Very few women could compete with the Marchesa d'Ateleta in the art of
dinner giving. She expended more care and forethought in the preparation
of a menu than of a toilette. Her exquisite taste was patent in every
detail, and her word was law in the matter of elegant conviviality. Her
fantasies and her fashions were imitated on every table of the Roman
upper ten. This winter, for instance, she had introduced the fashion of
hanging garlands of flowers from one end of the table to the other, on
the branches of great candelabras, and also that of placing in front of
each guest, among the group of wine glasses, a slender opalescent Murano
vase with a single orchid in it.
'What a diabolical flower!' said Elena Muti, taking up the vase and
examining the orchid which seemed all blood-stained.
Her voice was of such rich full _timbre_ that even her most trivial
remarks acquired a new significance, a mysterious grace, like that King
of Phrygia whose touch turned everything to gold.
'A symbolical flower--in your hands,' murmured Andrea, gazing at his
neighbour, whose beauty in that attitude was really amazing.
She was dressed in some delicate tissue of palest blue, spangled with
silver dots which glittered through antique Burano lace of an
indefinable tint of white inclining to yellow. The flower, like
something evil generated by a malignant spell, rose quivering on its
slender stalk out of the fragile tube which might have been blown by
some skilful artificer from a liquid gem.
'Well, I prefer roses,' observed Elena, replacing the orchid with a
gesture of repulsion, very different from her former one of curiosity.
She then joined in the general conversation.
Donna Francesca was speaking of the last reception at the Austrian
Embassy.
'Did you see Madame de Cahen?' asked Elena. 'She had on a dress of
yellow tulle covered with humming birds with ruby eyes--a gorgeous
dancing bird-cage.

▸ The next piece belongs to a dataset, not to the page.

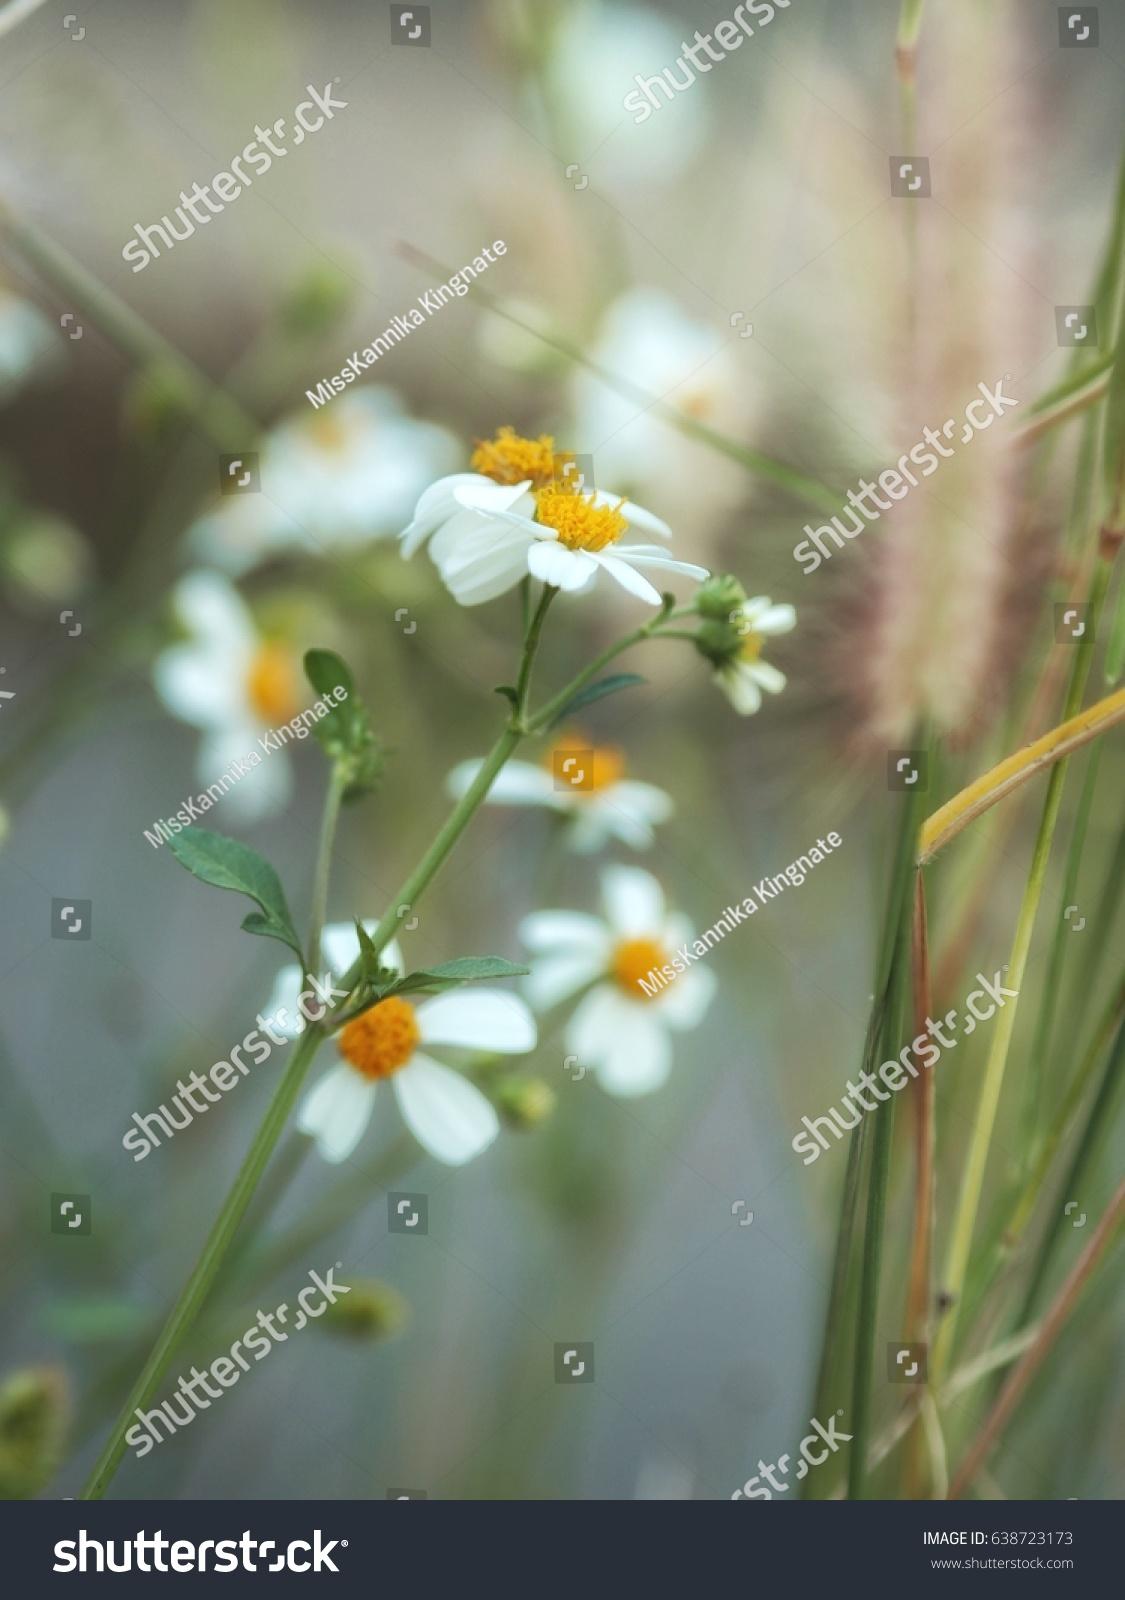 Beautiful White Flower In The Dream In The Green Garden Ez Canvas

And Lady Ouless--did you notice her?--in a white
gauze skirt draped with sea-weed and little red fishes, and under the
sea-weed and fish another skirt of sea-green gauze--Did you see it?--a
most effective aquarium!' and she laughed merrily.

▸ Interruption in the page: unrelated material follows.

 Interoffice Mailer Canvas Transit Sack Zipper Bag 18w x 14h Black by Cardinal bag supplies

Andrea was at a loss to understand this sudden volubility These
frivolous and malicious things were uttered by the same voice which, but
a few moments, ago had stirred his soul to its very depths; they came
from the same lips which, in silence, had seemed to him like the mouth
of the Medusa of Leonardo, that human flower of the soul rendered divine
by the fire of passion and the anguish of death. What then was the true
essence of this creature? Had she perception and consciousness of her
manifold changes, or was she impenetrable to herself and shut from her
own mystery? In her expression, her manifestation of herself, how much
was artificial and how much spontaneous? The desire to fathom this
secret pierced him even through the delight experienced by the proximity
of the woman whom he was beginning to love. But his wretched habit of
analysis for ever prevented him losing sight of himself, though every
time he yielded to its temptation he was punished, like Psyche for her
curiosity, by the swift withdrawal of love, the frowns of the beloved
object and the cessation of all delights. Would it not be better to
abandon oneself frankly to the first ineffable sweetness of new-born
love? He saw Elena in the act of placing her lips to a glass of pale
gold wine like liquid honey. He selected from among his own glasses the
one the servant had filled with the same wine, and drank at the same
moment that she did. They replaced their glasses on the table together.
The similarity of the action made them turn to one another, and the
glance they exchanged inflamed them far more than the wine.